31Link State Routing
- Link-state protocols generally outperform
distance-vector protocols on any size network. So
why are not link-state protocols used exclusively
for routing? Link-state protocols have two major
disadvantages
32Link State Routing
- Link-state routing may overtax low-end hardware.
Link-state routers require more memory and
processing power than distance-vector routers,
which potentially makes link-state routing
cost-prohibitive for organizations with tight
budgets and legacy hardware.
33Link State Routing
- Link-state protocols require complex
administration. Configuring link-state routing
can be a daunting task, and many administrators
prefer to avoid its complexity and stick to
distance-vector routing. Even capable
administrators may opt for a straightforward
distance-vector protocol on simple networks. .
34Hybrid Routing
- Cisco's proprietary EIGRP is an advanced
distance-vector protocol that also employs the
best features of link-state routing. For the most
part, EIGRP configuration is similar to
configuring a simple distance-vector protocol
such as IGRP. EIGRP routers use partial updates,
special neighbor relationships, and topological
databases to provide optimal convergence. Rapid
convergence, event driven updates, loop free
routing, and multi-protocol support are EIGRPs
trademark.
35Default Routing aka Gateway of Last Resort
- Default routes are used when the router can not
match a destination network with a more specific
entry in the routing table thus, the gateway of
last resort.
36Default Routing aka Gateway of Last Resort
- In effect, the router uses the default route to
hand off to another router. The other router must
have either a route to that destination or its
own default route to a third router. If it is a
default route to a third router, that router must
have either the route to the destination or
another default route, and so on.
37Default Routing aka Gateway of Last Resort
- Before routers can dynamically exchange default
information, an administrator must configure at
least one router with a default route. An
administrator can use two very different commands
to statically configure default routes ip route
0.0.0.0 0.0.0.0 and ip default-network.
38Default Routing aka Gateway of Last Resort
- Creating an ip route to 0.0.0.0/0 is the simplest
way to configure a default route. This is done
using the following syntax Router(config) ip
route 0.0.0.0 0.0.0.0 next-hop-ip-address
exit-interface. - To the Cisco IOS, network 0.0.0.0 /0 has special
meaning as the gateway of last resort. All
destination addresses match this route because a
mask of all 0s requires none of the 32 bits in an
address to be an exact match.
39Default Routing aka Gateway of Last Resort
- Manually configuring 0.0.0.0/0 routes on every
router might suffice in a simple network. You may
want routers to dynamically exchange default
routes in more complex situations. The exchange
of default information works differently
depending on the routing protocol being used and
can create severe problems when improperly
configured.
40Default Routing aka Gateway of Last Resort
- In IOS release 12.1, RIP does not propagate a
static default route automatically.
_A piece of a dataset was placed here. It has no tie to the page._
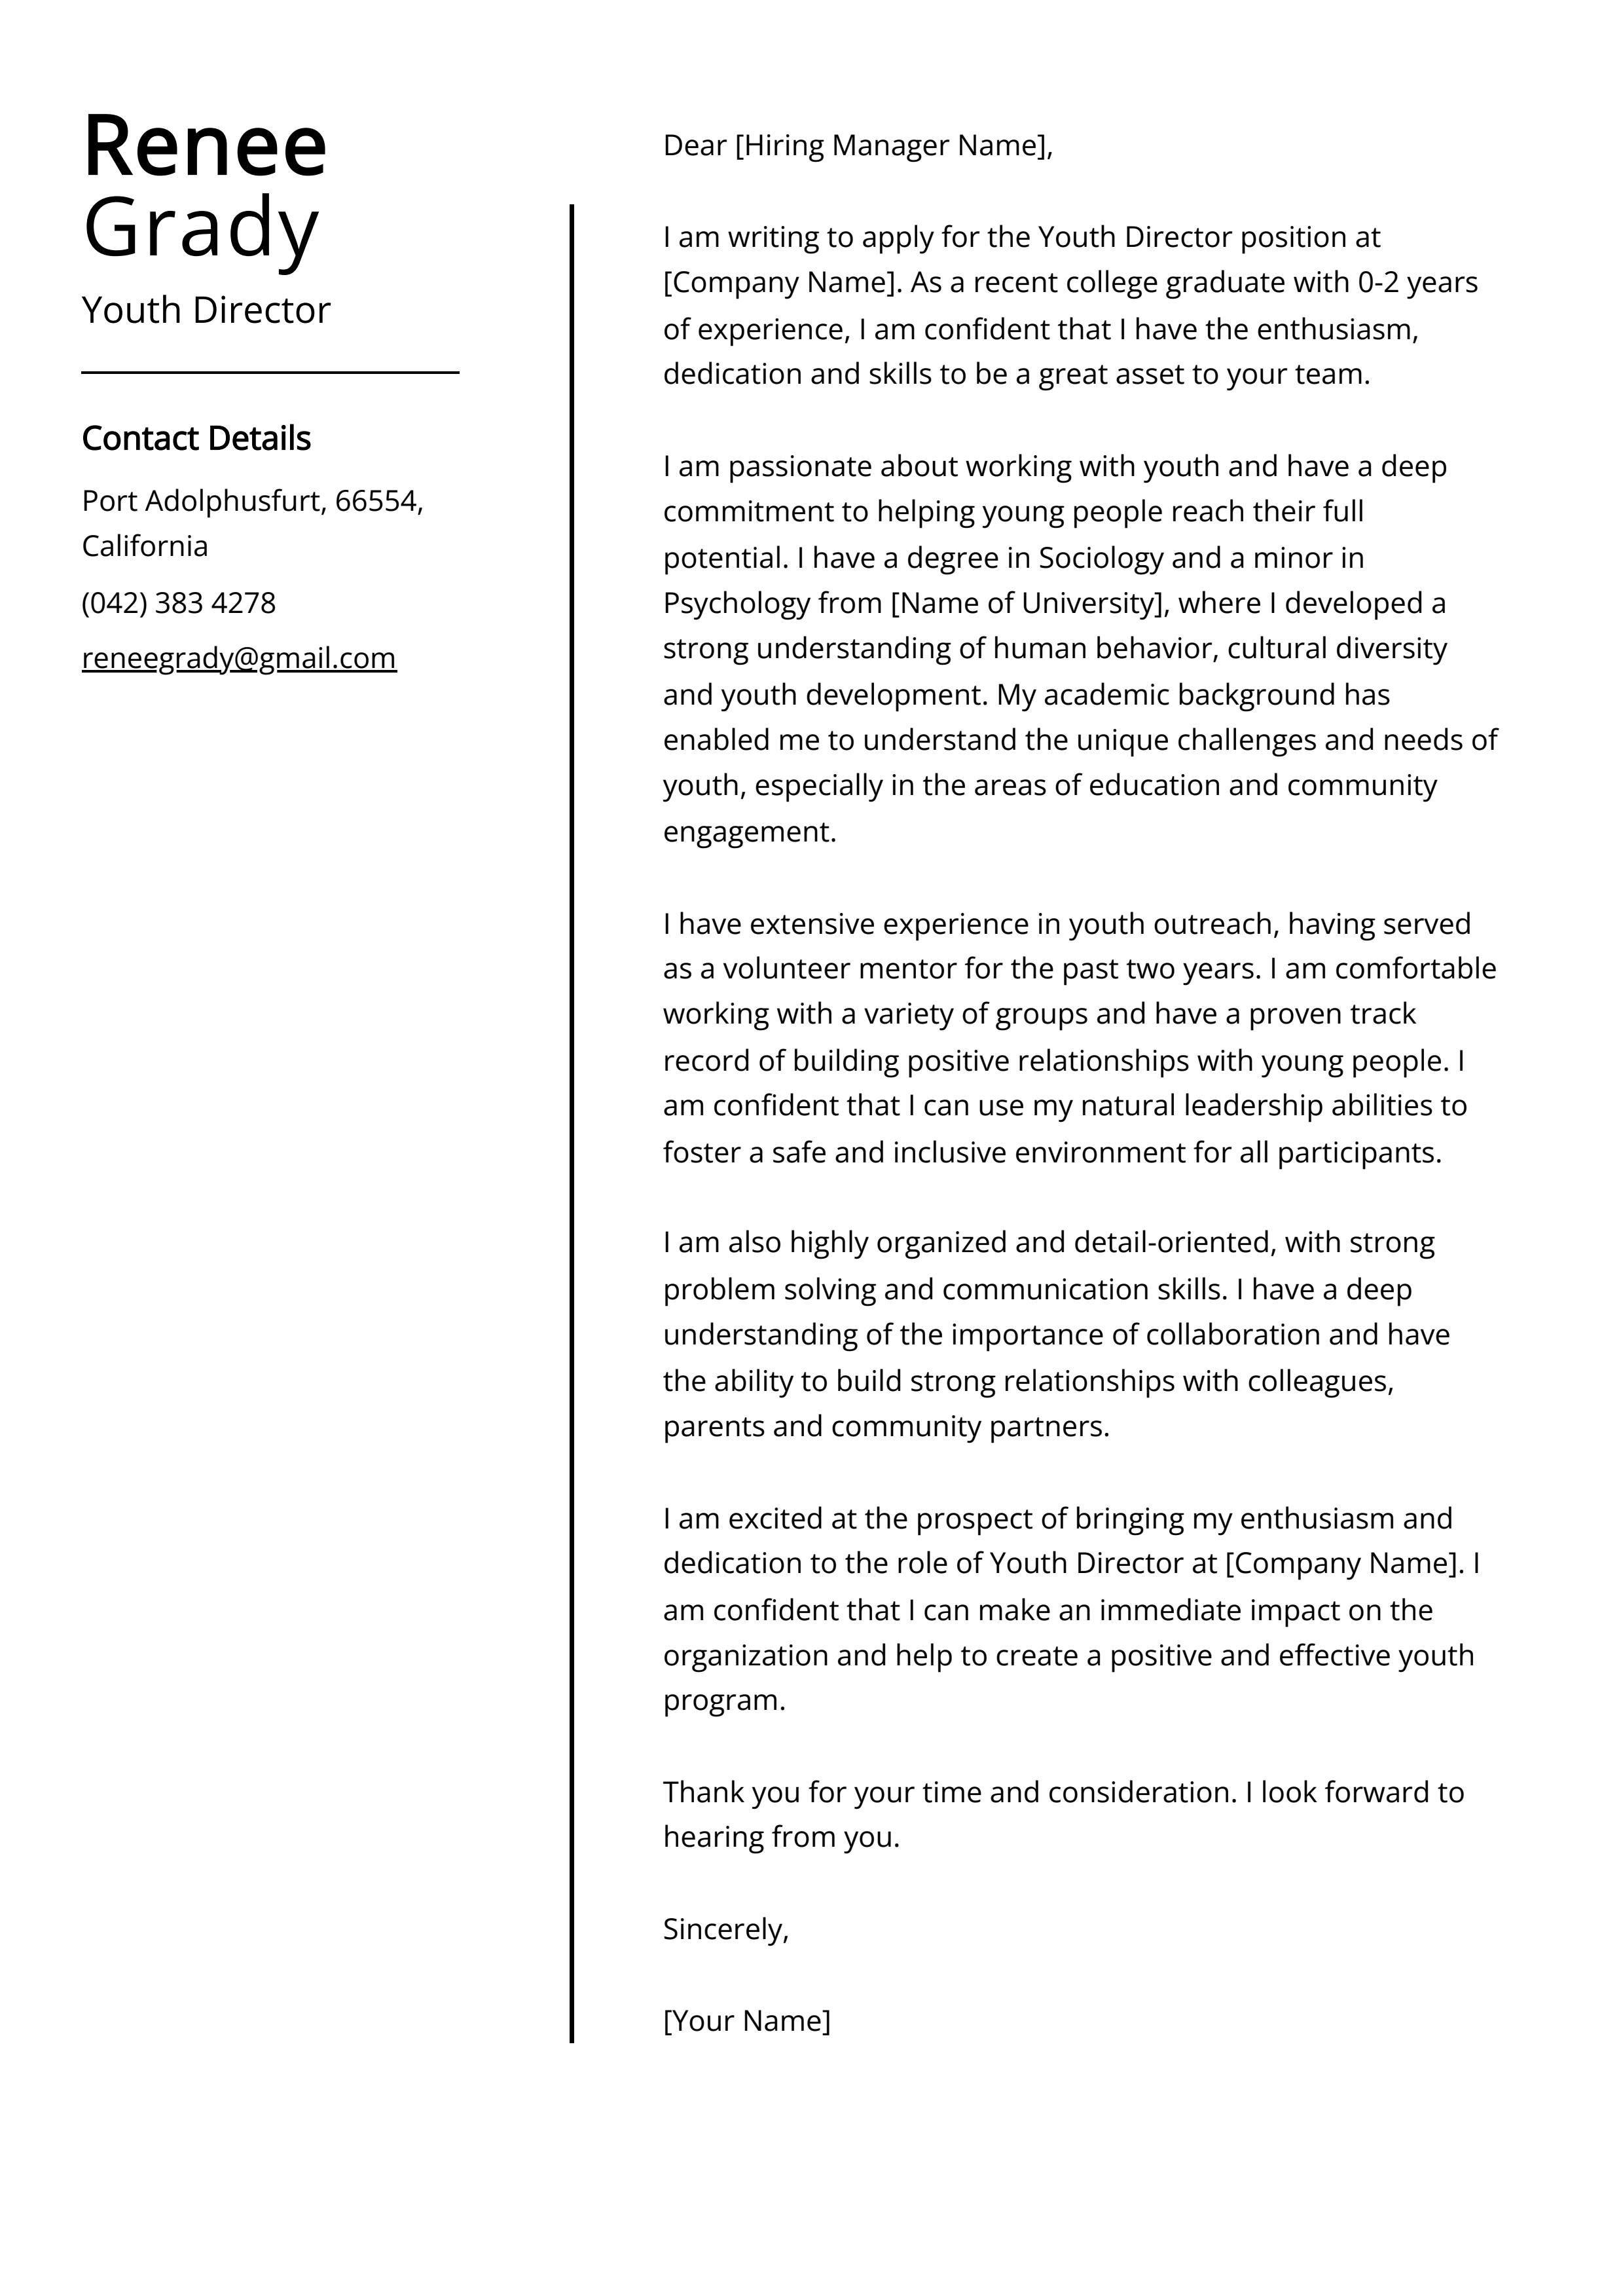 Youth Director Cover Letter Example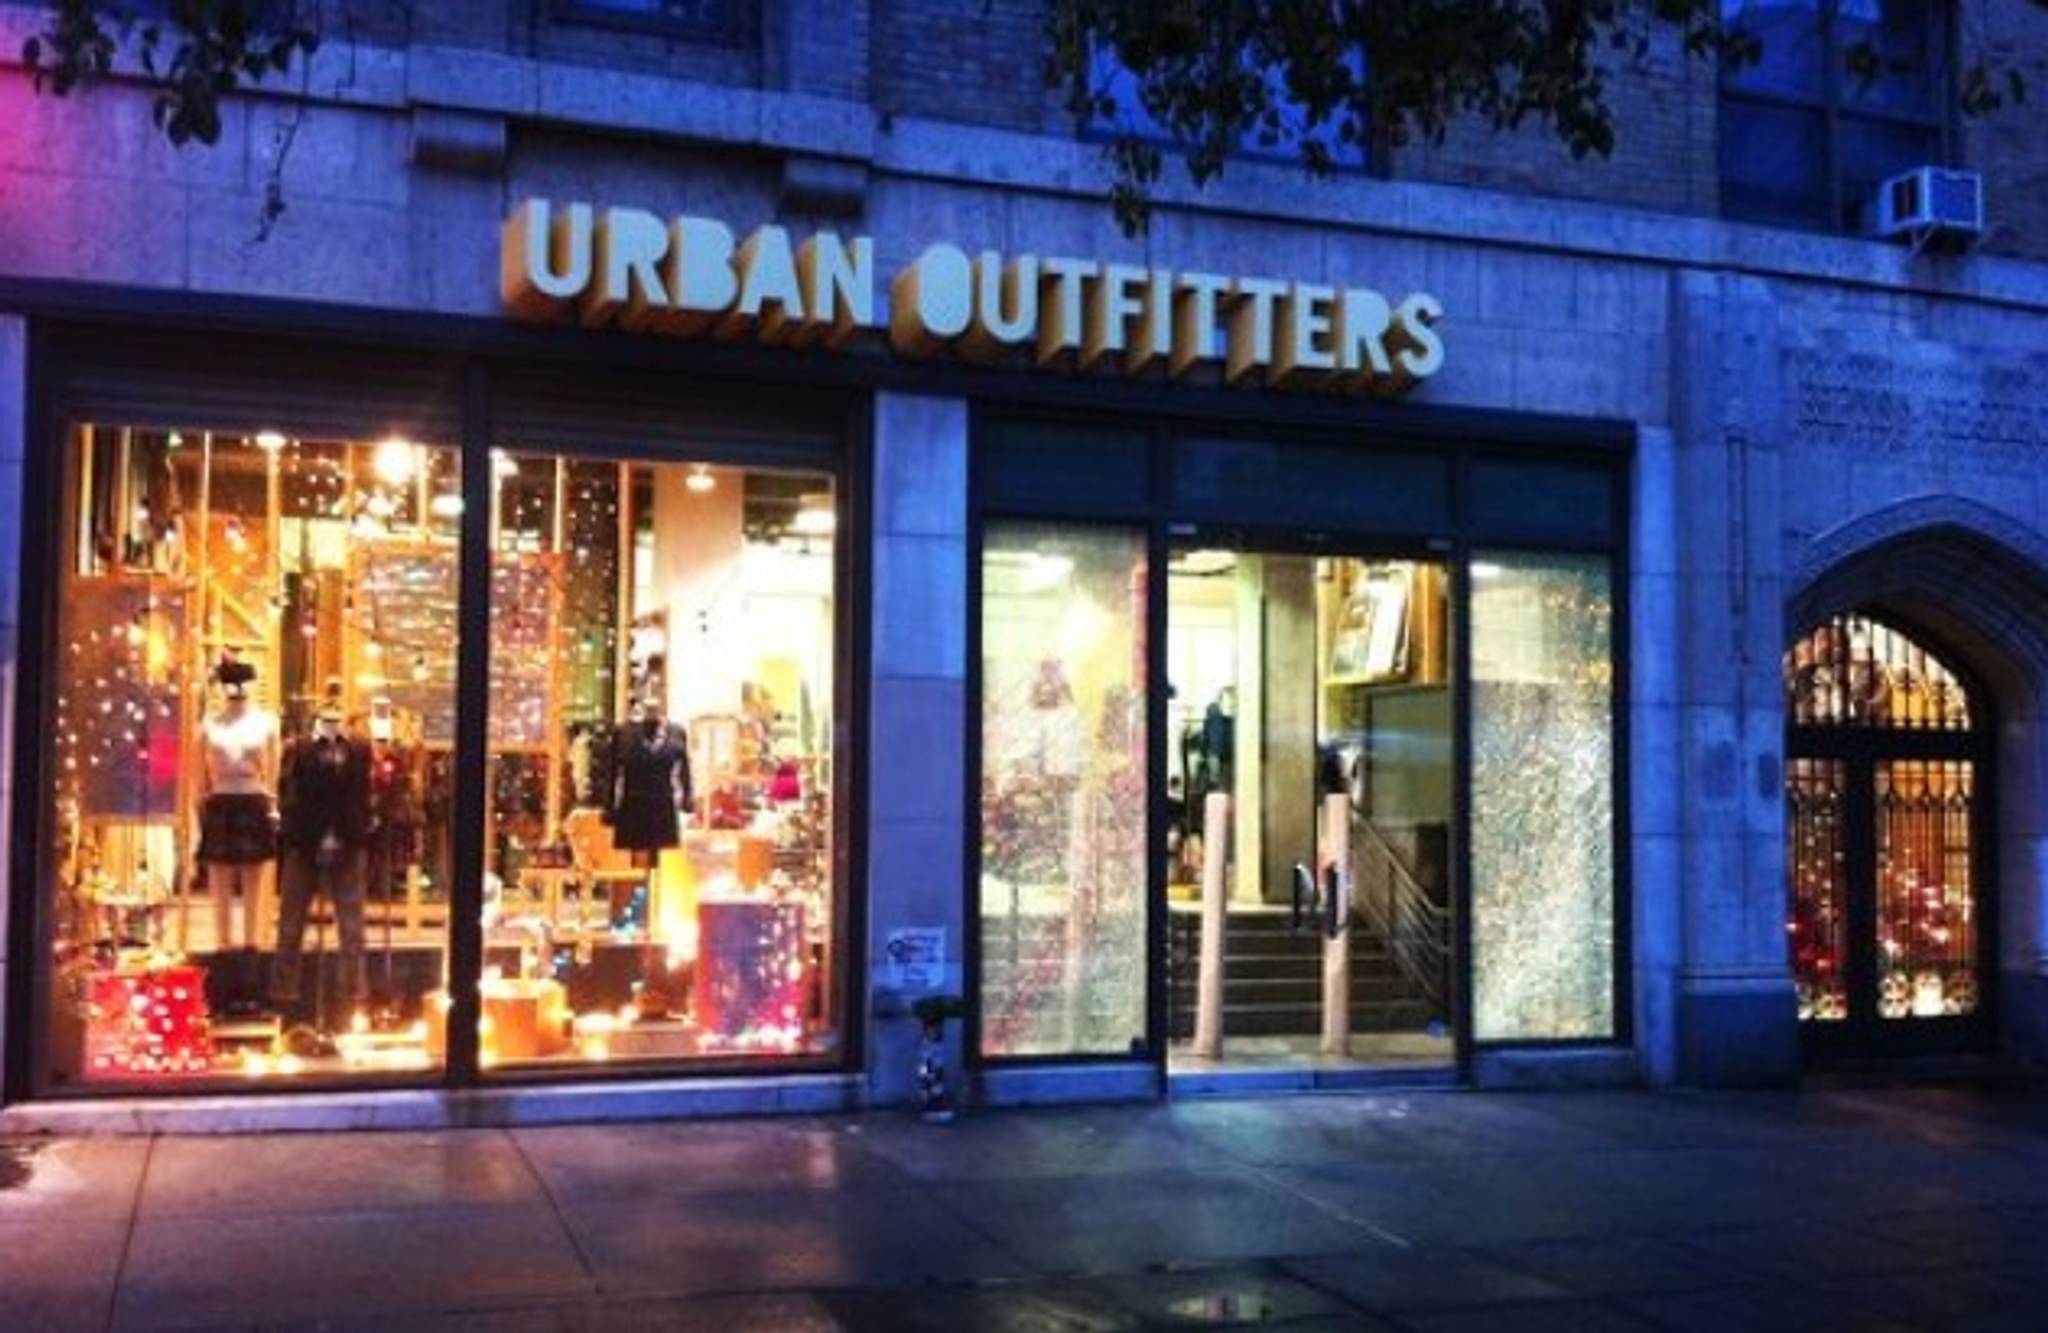 Why Urban Outfitters applied for a liquor licence

If you are
using RIP and IOS 12.1, you must manually
configure the RIP process to advertise the static
default by issuing the network 0.0.0.0 command.
41Default Routing aka Gateway of Last Resort
- Alternately, you can use either the
default-information originate command or the
redistribute static command to configure static
default route propagation. OSPF (regardless of
the IOS version) requires the default-information
originate command if you want to propagate static
default routes. The following example illustrates
this configuration for RIP (see the figure).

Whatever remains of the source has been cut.